This is a great start, but there are a number of options that can make the map look much nicer. First, we can remove the background and gridlines by including theme_nothing() from the ggmap package, but indicating that we still want the legend. We can also change the title of the legend and add in a title for the whole map.

Next, we can change the palette to “YlGn” which is Yellow to Green. You can find palette options as well as help on color in R here, or type in display.brewer.all() to see a plot of them in R.

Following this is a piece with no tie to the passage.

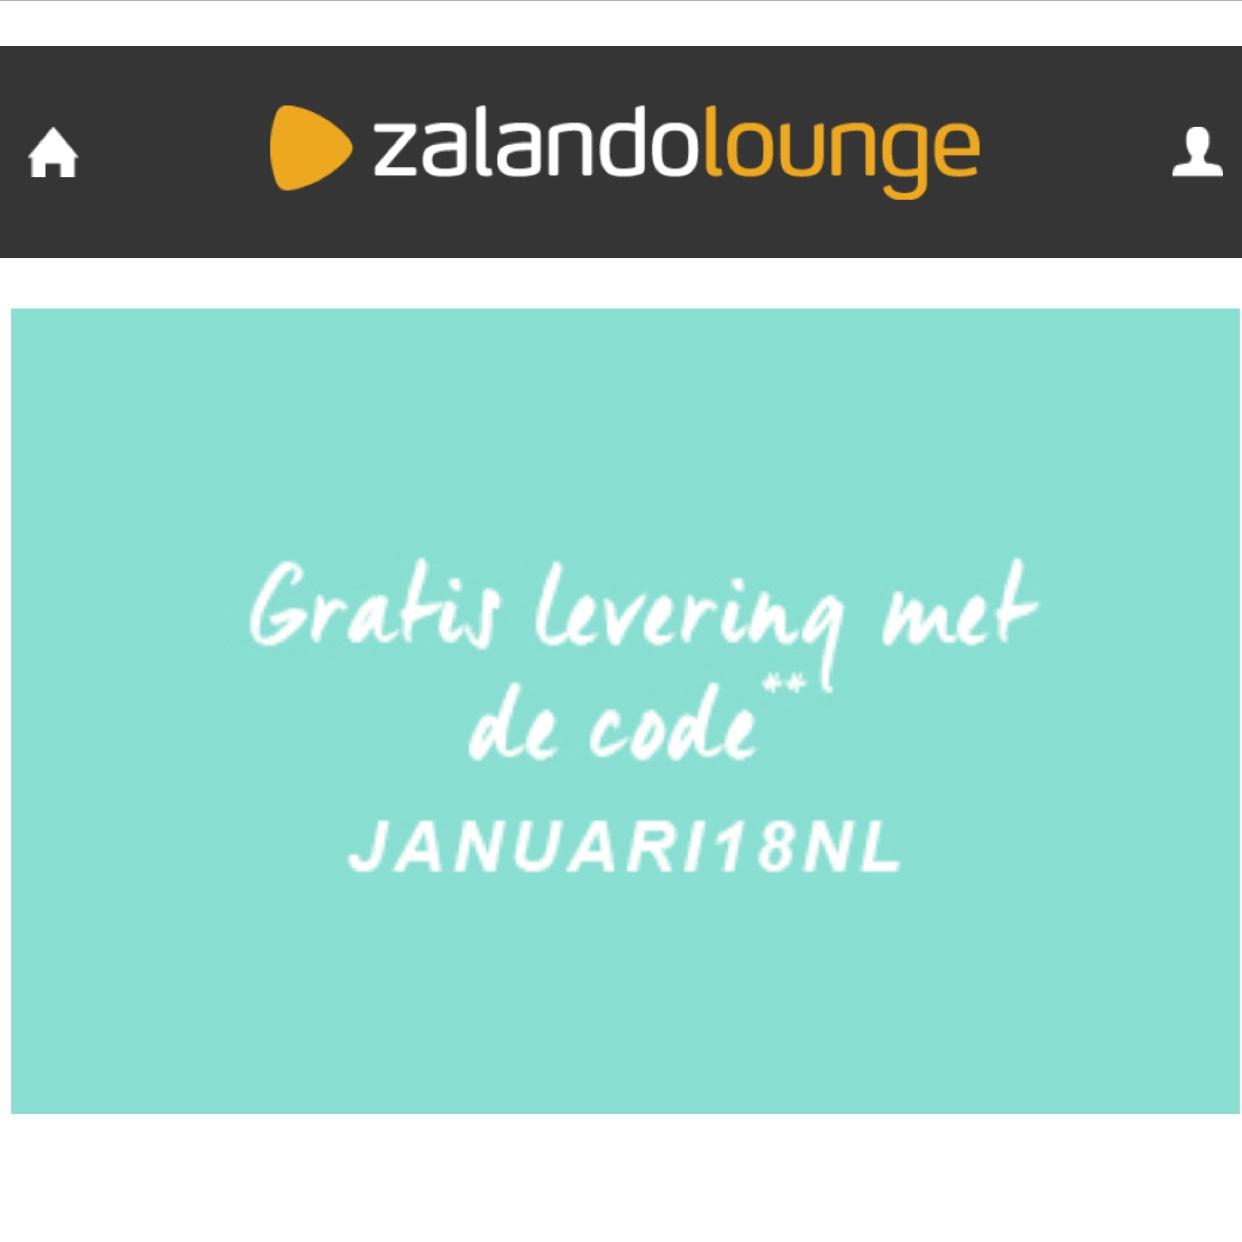 Gratis verzending t.w.v. €5,90 @Zalando Lounge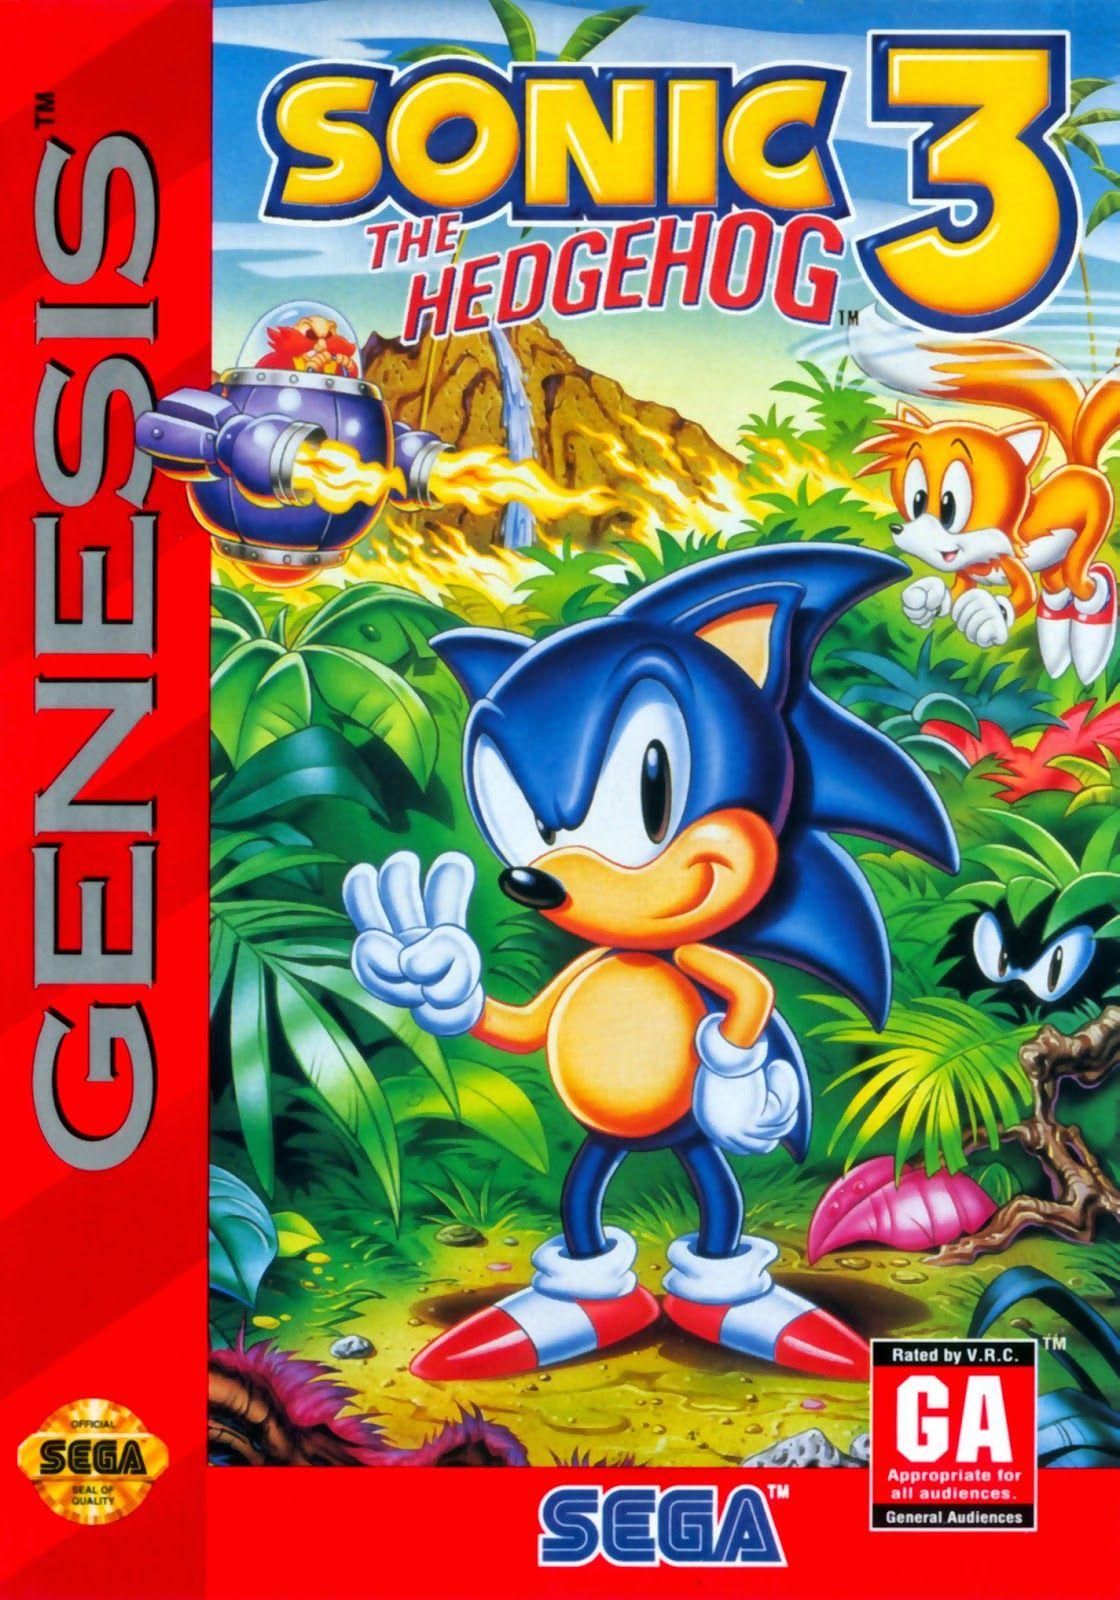 Sonic 3 Us Cover Art Sega Genesis Sonic The Hedgehog Sega Genesis Games

We can also use pretty_breaks() from the scales package to get nice break points (the pretty algorithm creates a sequence of about n+1 equally spaced round values, that are 1, 2, or 5 times a power of 10). If you don’t like the way pretty_breaks looks, you can change your scale with scale_fill_gradient() and set the limits and colors like this:

scale_fill_gradient(name=“My var”, limits=c(0,100), low=“white”, high=“red”) I do this in the third map, below.

More about using color gradients in R, here.

#nicer plot
ggplot() +
  geom_polygon(data = final.plot, 
               aes(x = long, y = lat, group = group, fill = prevalence), 
               color = "black", size = 0.25) + 
  coord_map()+
  scale_fill_distiller(name="Percent", palette = "YlGn", breaks = pretty_breaks(n = 5))+
  theme_nothing(legend = TRUE)+
  labs(title="Prevalence of X in India")

Other options:

If we wanted to reverse the color to go from 0 being dark instead of light, we can just add in the option trans=“reverse” into the scale_fill_distiller statement (see the plot below).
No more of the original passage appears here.